Could this not be the means by which Mary desires to purify, sanctify, and renew the priesthood in this age of the Church's life? In the intimacy with Our Blessed Lady represented by Saint Joseph and Saint John there is healing even for the most broken among her priest sons. For those most defiled by sin, in Mary's presence there is purity and the recovery of a spotless innocence. For those who have grown weary and lost the fervour of their youth, in Mary's company there is zeal for souls and apostolic boldness. For those who are depressed, close to Mary there is comfort, and to those who are despondent and anxious, she gives hope and peace. Finally, in the intimacy of Mary there is joy for those who fallen prey to the sadness that weakens the soul and opens it to sin.
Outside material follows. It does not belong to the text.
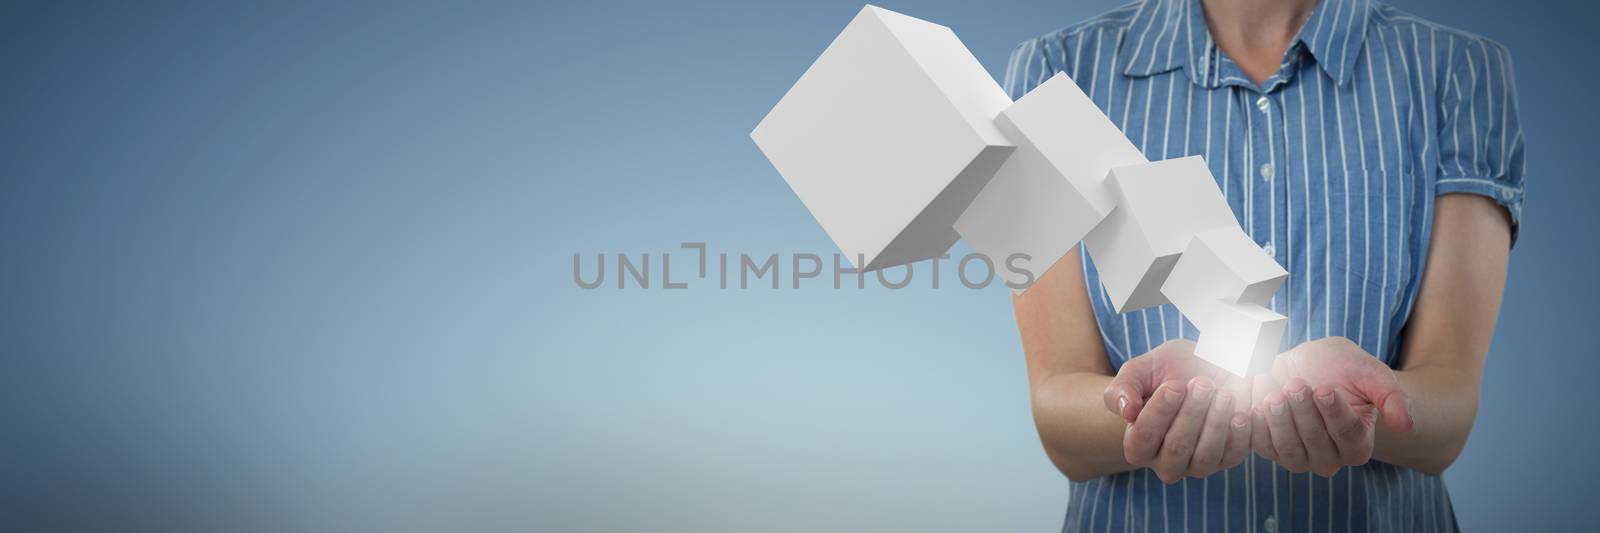 Businesswoman presenting object against abstract blue background

Made Pure in the Blood of the Lamb

The Immaculate Virgin Mary presents herself to priests today as she presented herself to Saint Joseph and to Saint John. To Saint Joseph, her chaste spouse, she was the Virgin Bride, and to Saint John, the Beloved Disciple of her Son, she was a Mother. In the acceptance of this grace lies the remedy for the weaknesses and inclinations to sin that have soiled the priesthood and brought it low in the eyes of so many in recent years. The desire of Mary's Immaculate Heart is to purify the priesthood and lift it out of the infamy into which it has fallen, so as to make it shine with a wonderful holiness, and with the purity that comes from the Precious Blood of the Lamb. It is the Lamb in the apparition of Knock that casts the whole event in the light of the mysteries revealed to Saint John on Patmos.

Priests at Knock

It seems to me that Our Lady desires that Knock should become a place of pilgrimage for priests. A dimension of Knock, not yet fully developed, is that it must become a place of healing for priests, a place where Mary can restore them to purity and to holiness of life by drawing them into her company. Knock invites all priests to share their lives with Mary by opening their homes and their hearts to her, and by living every moment in her presence.

bw_adcottage.jpg

At Home With Mary

As Virgin Bride, Mary is the image of the Church. Just as Saint Joseph took his Virgin Bride into his home, so too must every priest welcome Mary and discover in her intimacy the nuptial quality of his dedication to the Church. Just as Saint John, obeying the word of Jesus from the Cross, took Mary into his home, so too must every priest shelter her in the space that is most personal to him. The gift of sacred intimacy with the Blessed Virgin Mary, suggested by the apparition at Knock, may well be among the heavenly secrets reserved by her for this time of trial for the Church.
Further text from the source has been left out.